Белый А. - Блоку А., 24 или 25 февраля 1903 г.

БЕЛЫЙ - БЛОКУ

<24 или 25 февраля 1903. Москва>1 

Многоуважаемый и милый Александр Александрович,

Простите меня за мое долгое молчание. Но теперь до лета у меня такая бездна дел, что решительно нет времени даже и письма толком написать. К тому же у меня накопились письма, на которые нужно было непременно отвечать. Прежде всего о Ваших стихах: как и всегда, я в восторге (и это не комплимент - совсем нет). "Запевающий сон, зацветающий цвет"2 -- сколько тут милой ясности и свежести! Врубелевская глубина и не врубелевская нежность - слиянно, нераздельно. Скажу откровенно: последние Ваши стихи по моему убеждению наиболее глубокие и поэтически-прозревающие. "Страх"3 -- небывалое, а это "все забылось -- забылось давно"4 -- как оно знакомо там, где мы все знаем друг друга. Большое спасибо за них. Что касается до числа "4" -- откровенно говоря, - оно мне порой не нравится, представляя 1/2 восьми - числа нуменального до такой степени, что "7" (это священное число) является лишь отражением, тенью, проекцией "8" на земном. Если "7" (7 цветов спектра) - бело, то 8 - внецветно, т. е. выше белого. Это число Отца, про которого Господь Иисус Христос говорит: "Видящий Меня видит Пославшего Меня" (Иоанн, гл. XII, ст. 45). И вот 1/2 восьми = 4 (половинчатость вообще нехорошая вещь). Замкнутое пространство с четырех сторон ограничено. Еще есть выражение "в четырех стенах"... Но не в выражении дело... Да и моя нелюбовь к "4"-м субъективна, так что на нее не следует обращать никакого внимания. Что же касается до моей вещи, как таковой, как аллегории, как символа, и как воплощения, то следует помнить, что Символ есть начало воплощения и как таковое не имеет особенного бытия (собственного). Остаются: действительность позитивная, аллегорическая и воплощенная (3, а не 4). Символ я выделяю, чтобы оттенить важность его для нашей эпохи, в которой мы усматриваем начало воплощения.
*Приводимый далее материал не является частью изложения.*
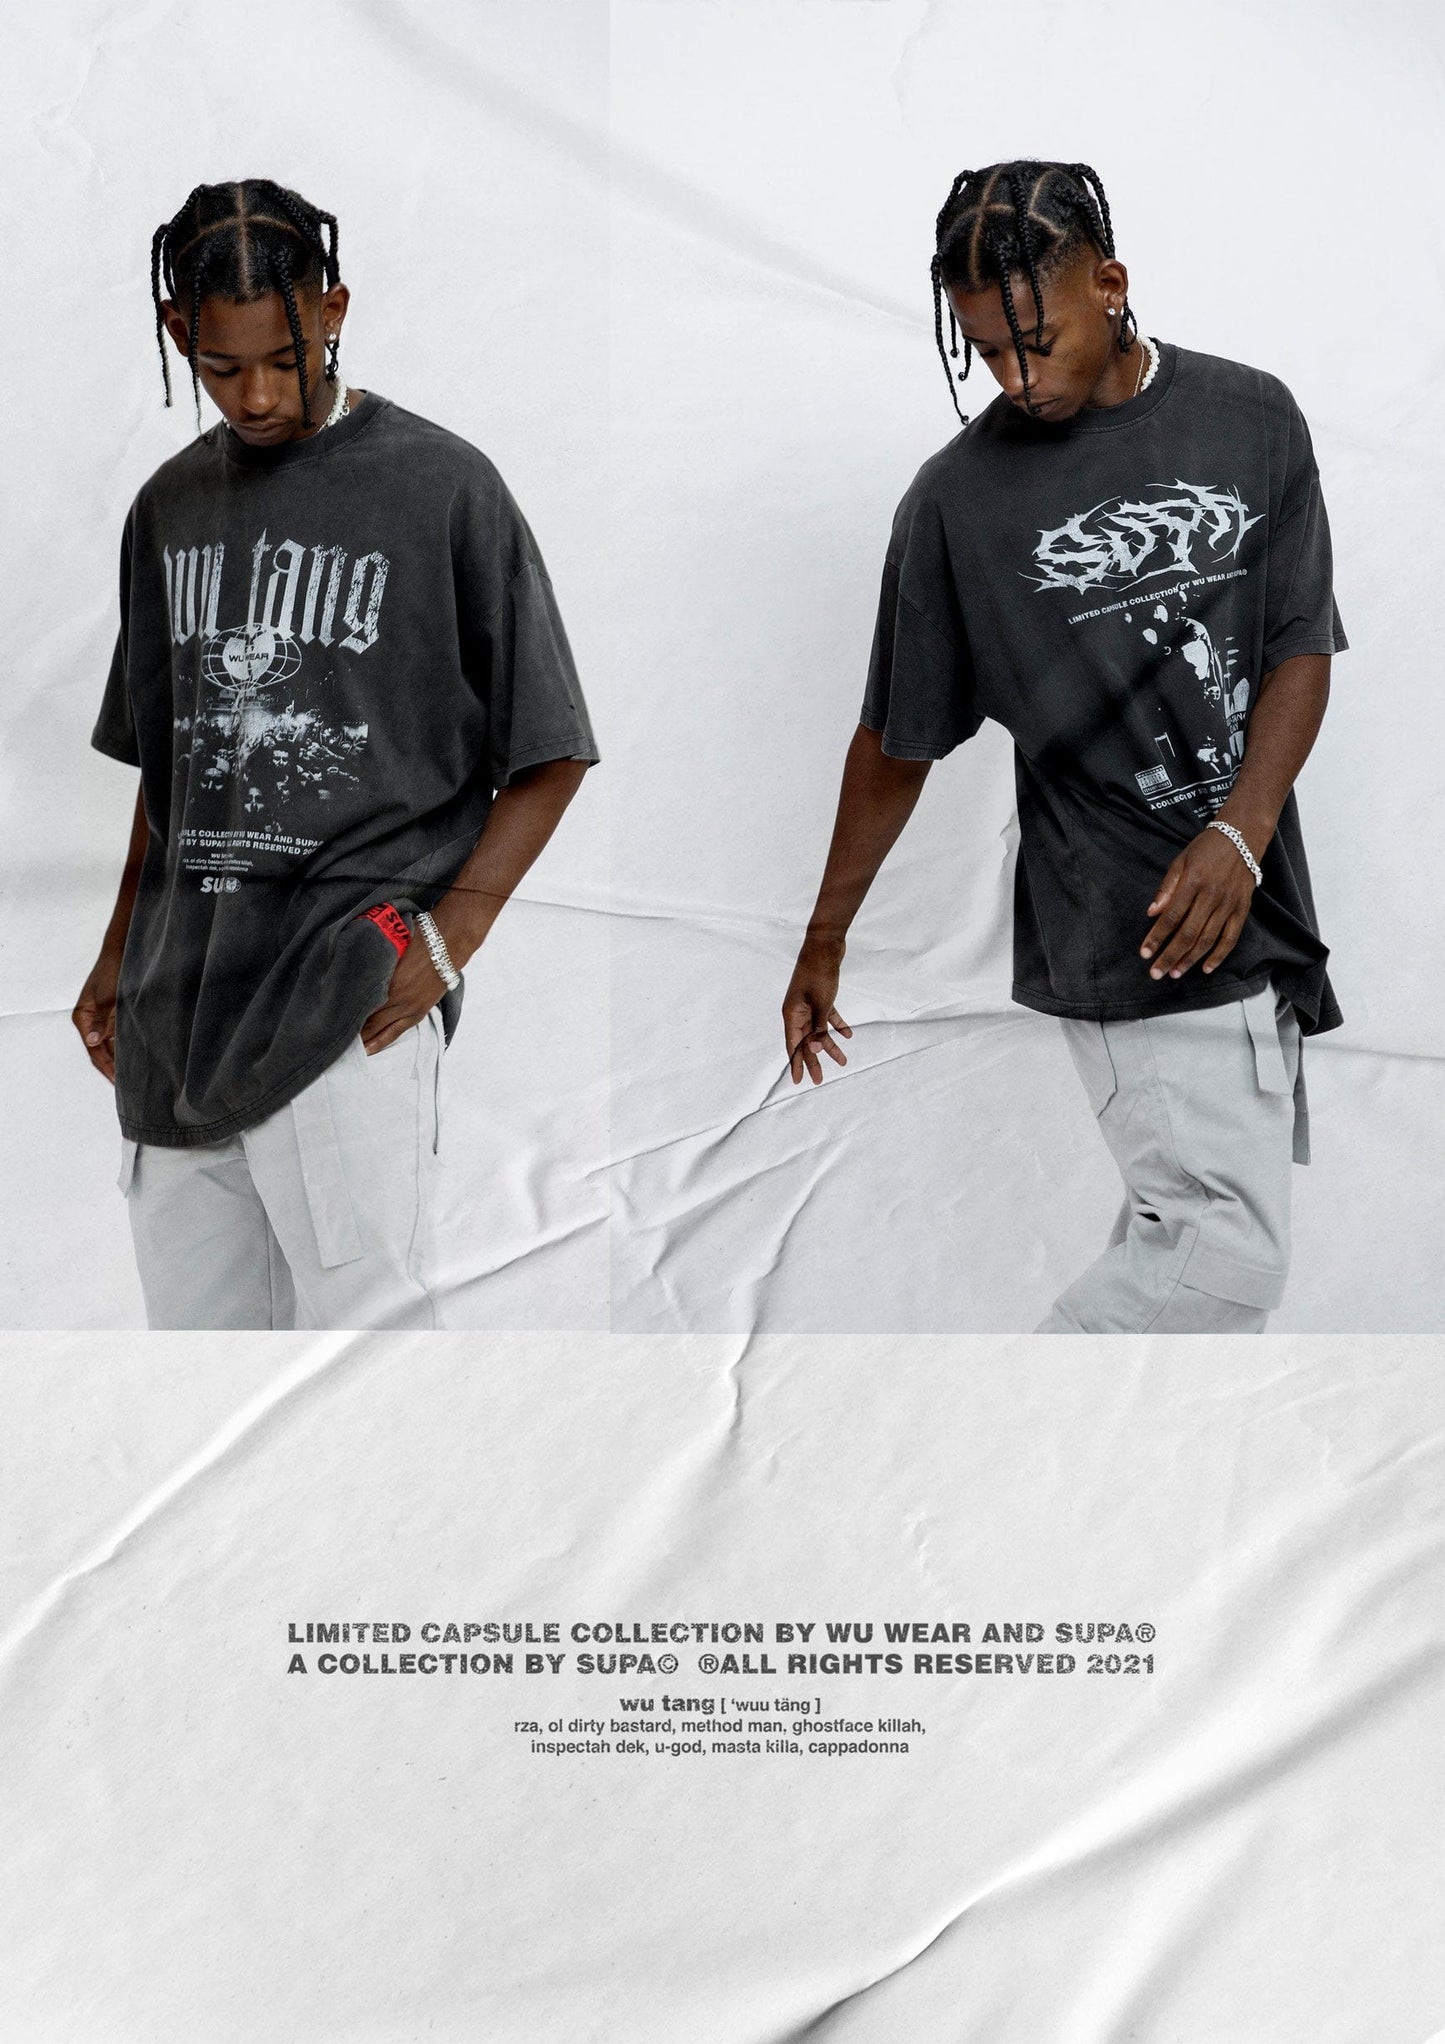 WU TANG / SUPA® Chinese Tour Collection

Дорогой Александр Александрович, мне бы совсем не хотелось, чтобы Вы дали Перцову мое письмо для печатания его в "Новом Пути". Этого обычая я совсем не понимаю. То обстоятельство, что они поместили мое письмо5, случилось благодаря моему неведению. Мне бы совсем не хотелось, чтобы мои слова с глазу на глаз были преданы гласности в "Новом Пути". "Частная переписка" заметку приблизительно на однородные темы6. Так что я бы просил Вас не давать Перцову моего письма.

Что касается до четвертой стадии духовного развития (если угодно, "посвящения"), то тут я весьма субъективен: буду говорить прямо, надеясь на гений Вашей понятливости.
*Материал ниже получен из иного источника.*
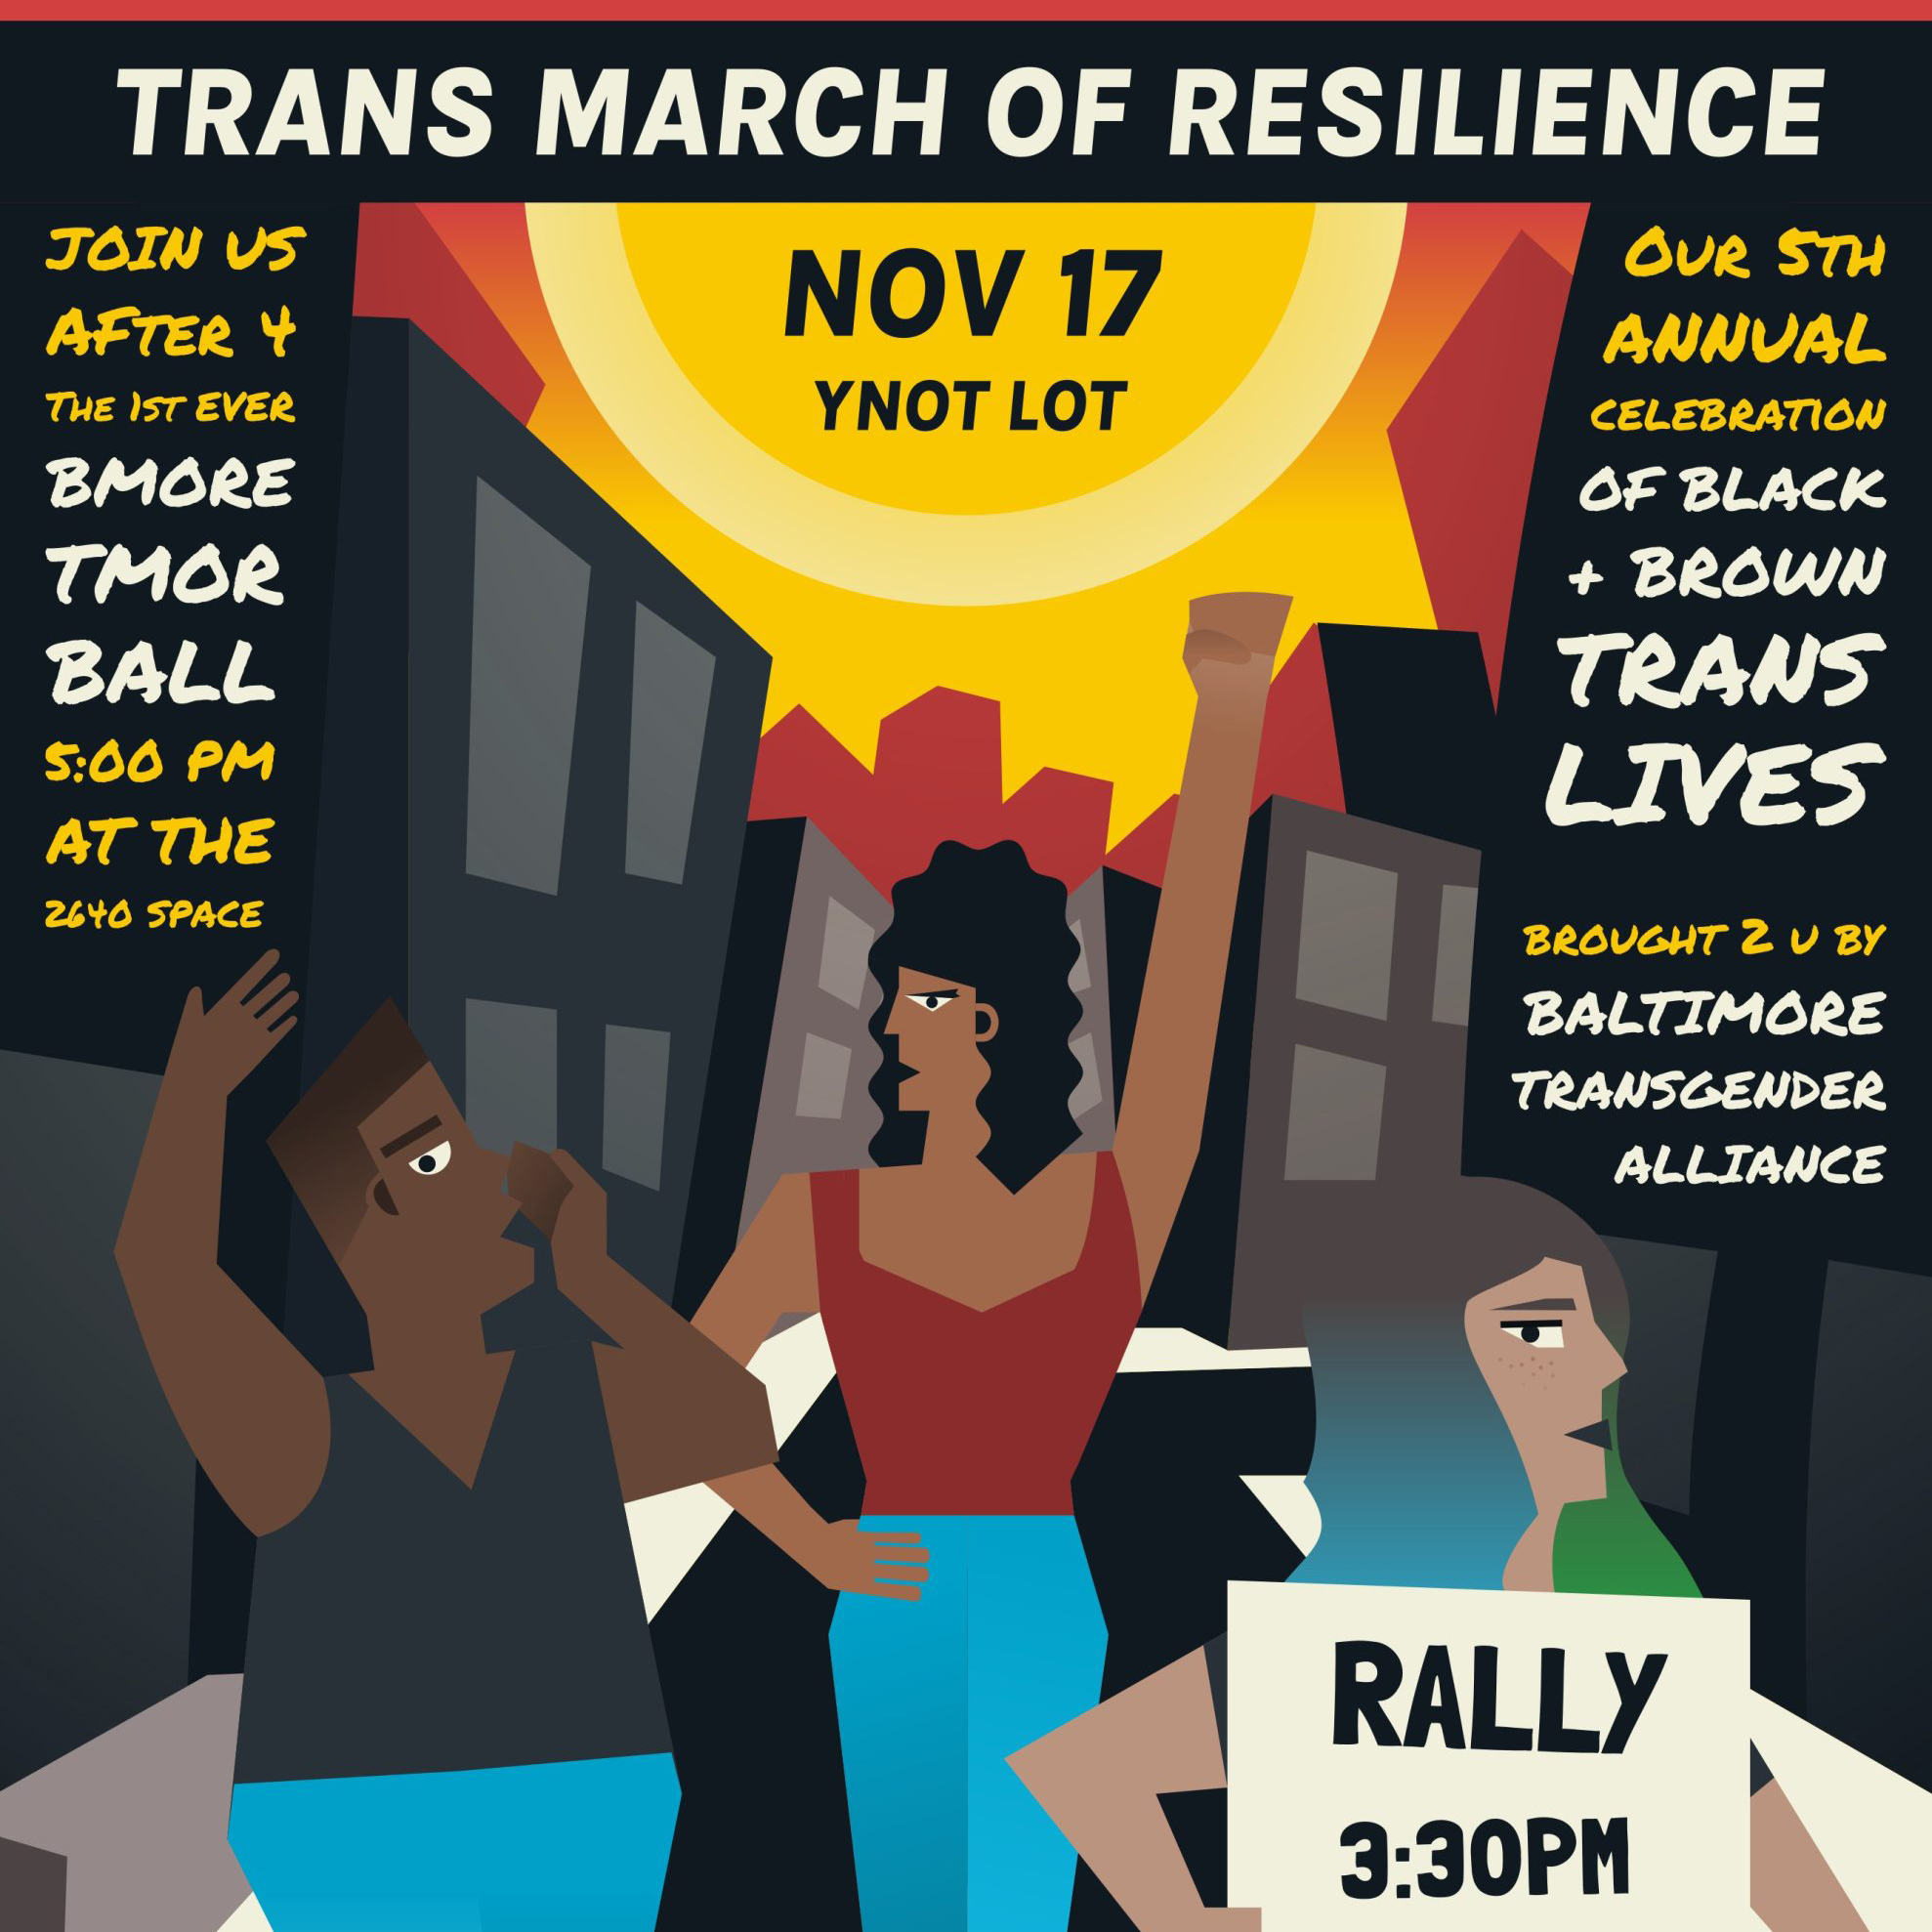 2019 trans march of resilience poster

Белый цвет - символ богочеловечества. Белый сверкнувший луч мистического солнца, условие необходимое для восприятия божественного "видения". Отсутствие "белого" - противоположное (черное). Цвет ужаса - черный. Ужас, воплощенный в бытие (в белое) = серое. Серая пыль - ужас; и тут чрезвычайно глубок Мережковский7. Со времен грехопадения между белым лучом и нами - серая пыль, а белое сиянье, засеренное пылью, дает подобие красного цвета. Огненно-красное - это обман, это - отношение серого к сверкающей белизне и обратно. Вот что открывает ряд видений.
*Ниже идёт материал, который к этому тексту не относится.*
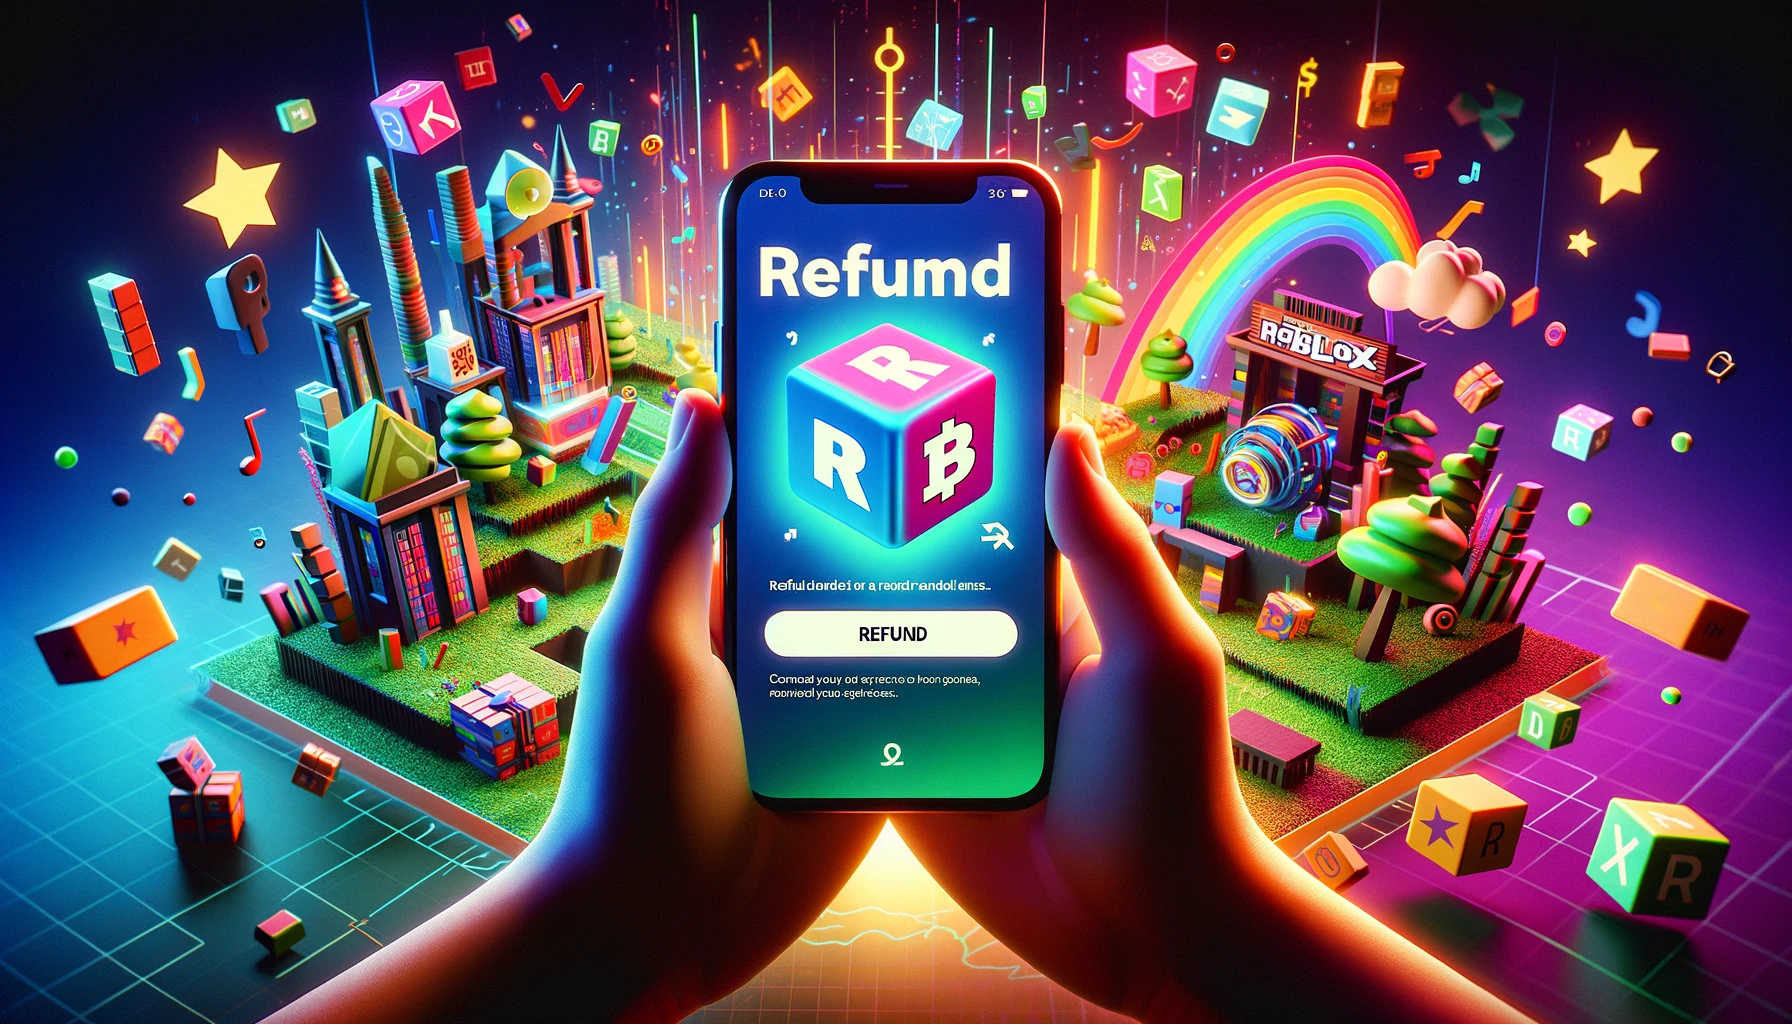 How to Refund Roblox Items on Mobile

1-ая стадия, когда сияние, мерцающее в нас, загашено и везде мрак; мрак этот черен, ибо слой серой пыли так толст, что сияние белизны, мерцающее на горизонте, не пробивается. 2-ая стадия. Первые лучи начинают пробивать черноту - все окрашивается желтошафранным цветом. Это еще даже не красное (т. е. белое сквозь серое), а прямо-таки коричневое (т. е. красное сквозь серое = белое сквозь вдвойне больший слой серого). Это настроение Ваших слов:

"Мое болото их затянет...
Мои глаза - глаза совы"8, и т. д.

Это низшие зоны астральной области (выражаясь теософским языком). Один из теософов (Ледбитер) говорил про низшие зоны астрального: "Это еще как бы густой туман - или желтое болото"9. А другой (кажется, Мид) говорил, что Россия очень подвинута в эзотеризме, только... ей грозят астральные опасности и ей в астральном следует помочь... Не правда ли, Александр Александрович, отсюда надо вырваться. Это еще скорее по сю сторону грозового облака, отделяющего вершины от низин. И это - настроение, характерное для России, понимая под этим равнодействующую всех неурядиц (политических, душевных, мистических). 3-ья стадия. Слой серой пыли уменьшился - все окрашено огненно-красным. Ужас огня - бунт Ивана Карамазова. Всем доступное и понятное в ницшеанстве. Это здесь впервые грехи горят на собственной душе и душа или боится сгореть - ужасается жгучестью огневицы (41&#176; жара), или же бунтует, обращаясь ко Злу. Здесь невольно возникает обманная мысль о равноправности добра и зла, о равенстве черта и Бога, о двух творцах мира. Отсюда психологически ясно выливаются секты, аналогичные альбигойцам, манихеям, богомилам10. Богомилы говорили, что Сатаниил брат Христа (старший из сыновей Божиих). Как это понятно: ведь понимается двояко (или белым, пронизывающим серое, или серым, превращающим белое в красное). В первом случае центр в белом: и красное (1-ое пришествие Христово совершилось кровию и багряницею, т. е. красным) является святым цветом страдания; во втором случае центр в сером, красное греховно; "если грехи ваши как багряное" и т. д. (слова пророка Малахии, кажется)11. Тут мысль о Сатанииле (старшем брате Господа). 4-ая стадия. Слой серой пыли еще тоньше, но белое сияние продолжает казаться огненным. Все же центр в белом, и отсюда: на 4-ой стадии красное свято; это Голгофа, где пролилась кровь воздвигнутого на Кресте Господа. Здесь уже невозможно лихорадочное напряжение и огненный ужас серые тучи, потому что крест охраняет границу между старым (ступень богопознания ужасом и страхом) и новым (богопознание радостью). Дальше уже серое настолько пропадает, что белое сиянье кажется только розовым. Начинаются все оттенки от темнорозового до бледнорозового: это "убеление риз кровию Агнца"12, после того, как грехи багряные третьей стадии сожжены и душа еще уцелела. Вот существенные черты того, что мне известно о 4-ой стадии.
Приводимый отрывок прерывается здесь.